*DATA FOR THE TASK*
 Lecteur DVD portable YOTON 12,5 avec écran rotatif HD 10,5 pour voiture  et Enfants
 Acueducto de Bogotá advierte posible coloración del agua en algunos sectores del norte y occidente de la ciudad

---

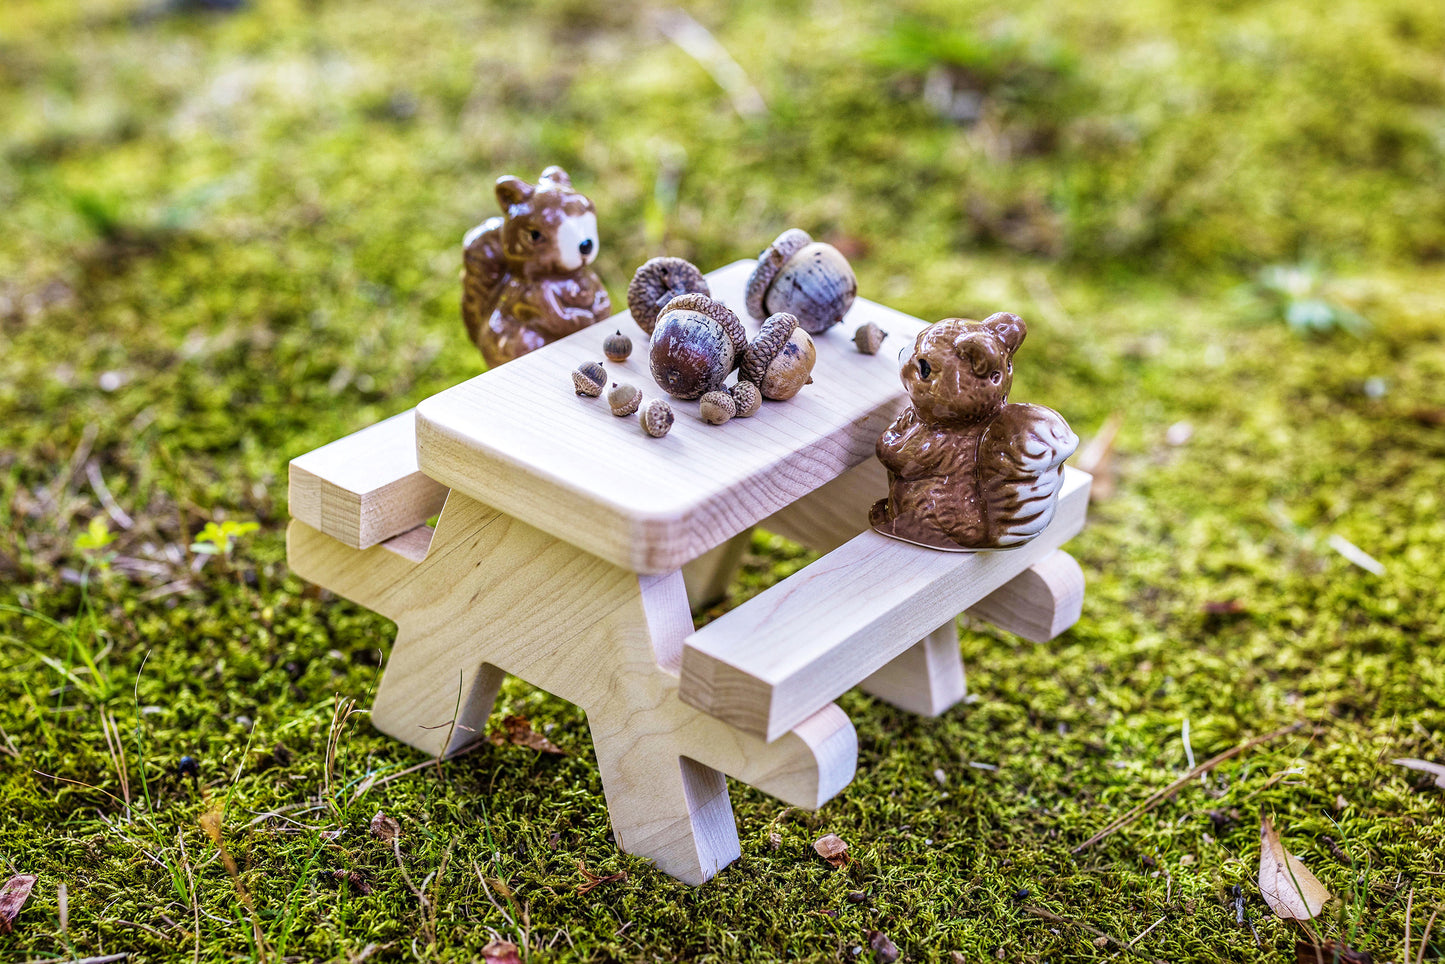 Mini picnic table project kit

---

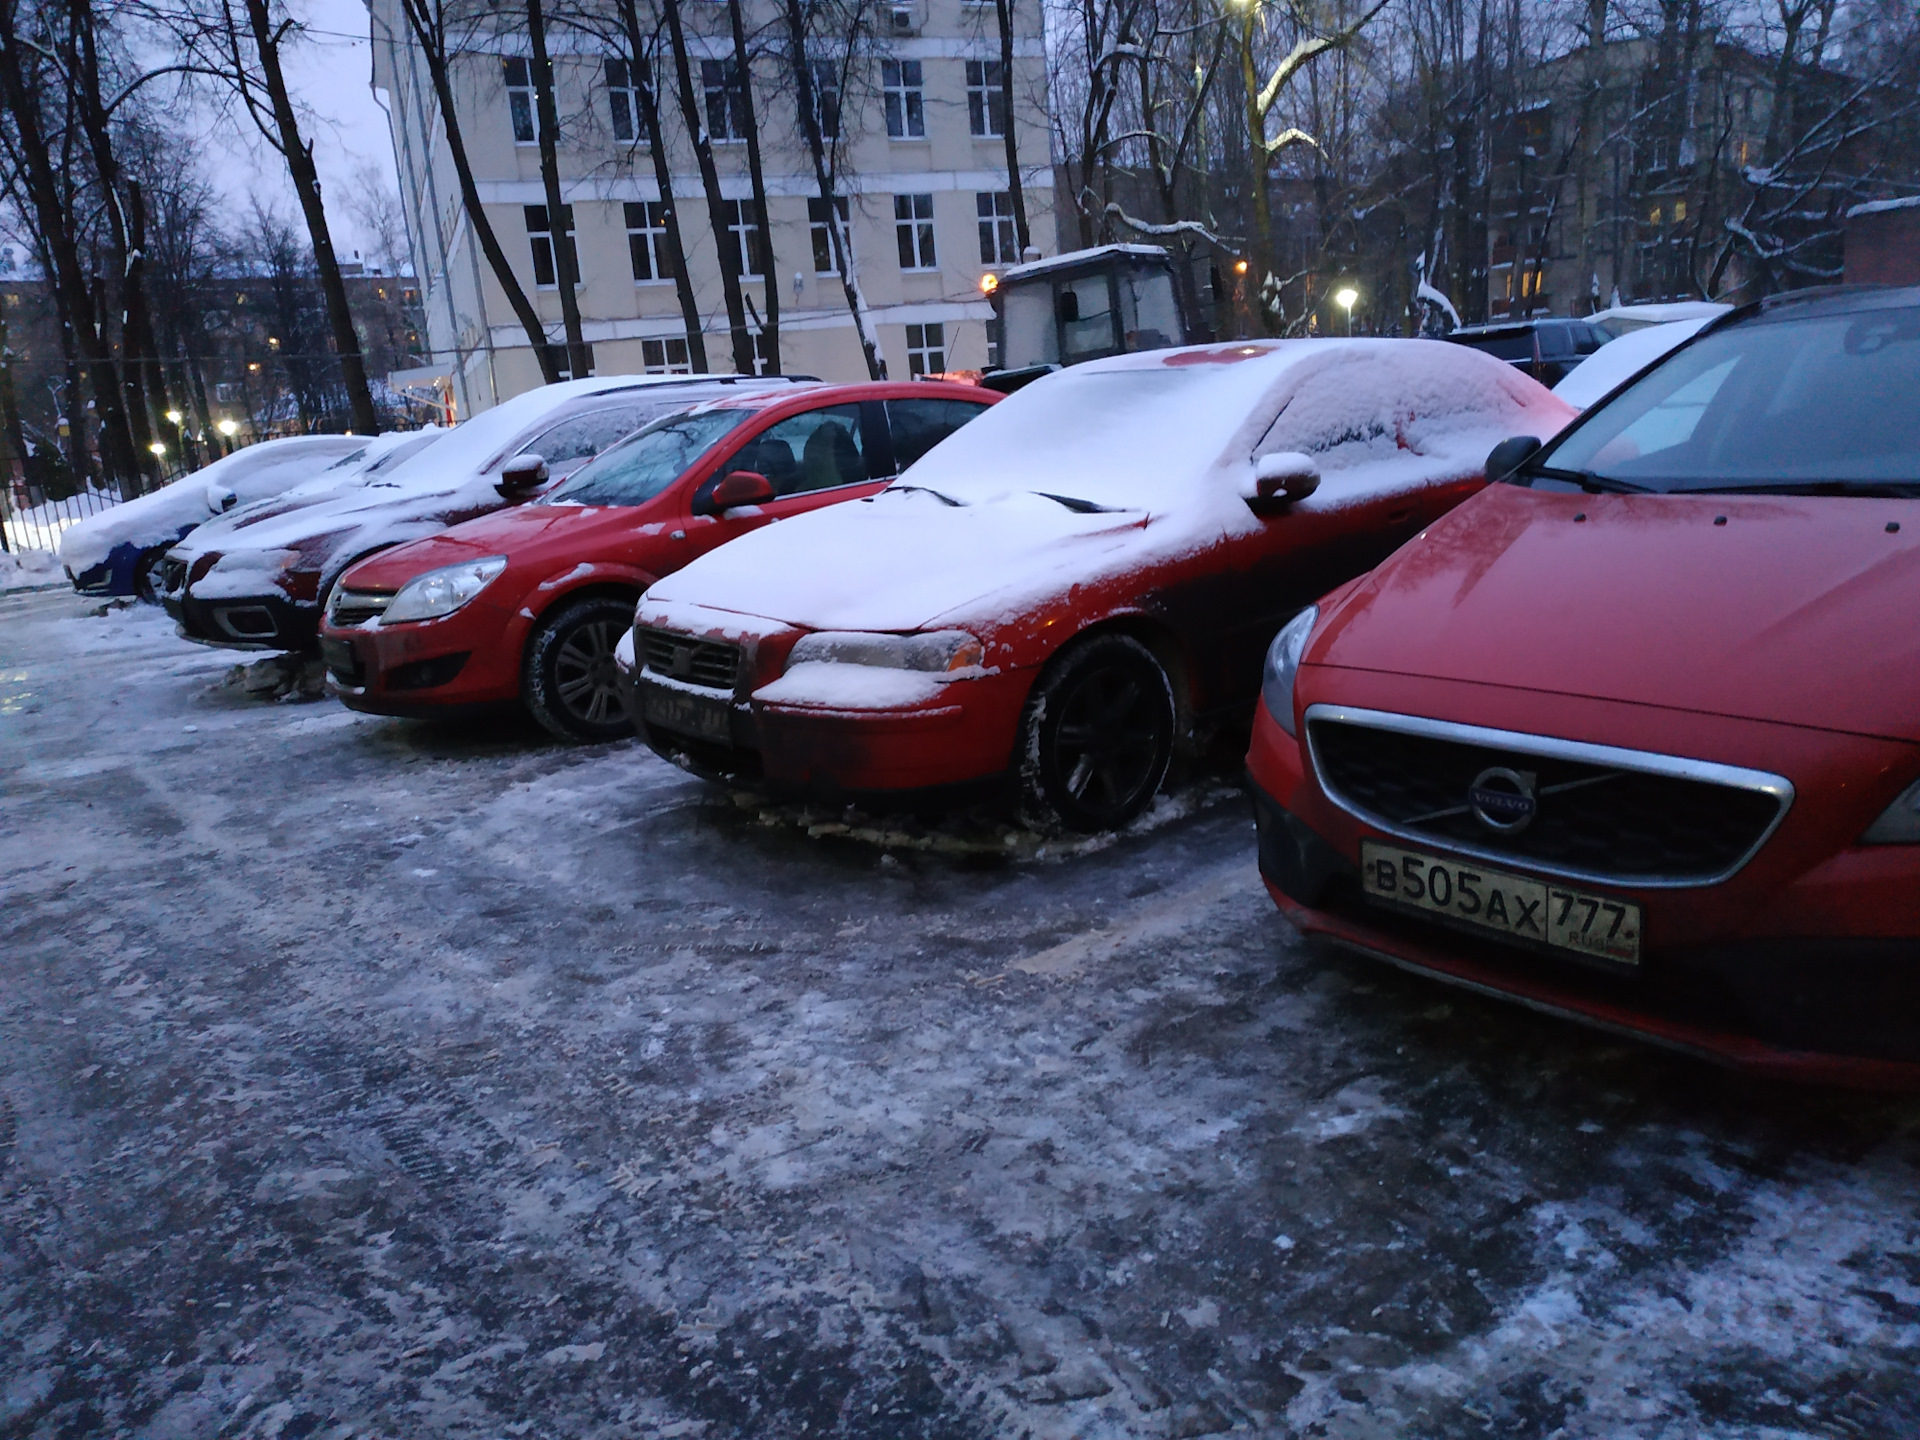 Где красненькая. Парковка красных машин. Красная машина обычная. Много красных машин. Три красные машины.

*WHAT IS NEEDED*
Copy the lines above exactly. Start with the line containing "Lecteur DVD portable", end with the line containing "Acueducto de Bogotá", and include both.

*SOLVED EXERCISE*
 Lecteur DVD portable YOTON 12,5 avec écran rotatif HD 10,5 pour voiture  et Enfants
 Acueducto de Bogotá advierte posible coloración del agua en algunos sectores del norte y occidente de la ciudad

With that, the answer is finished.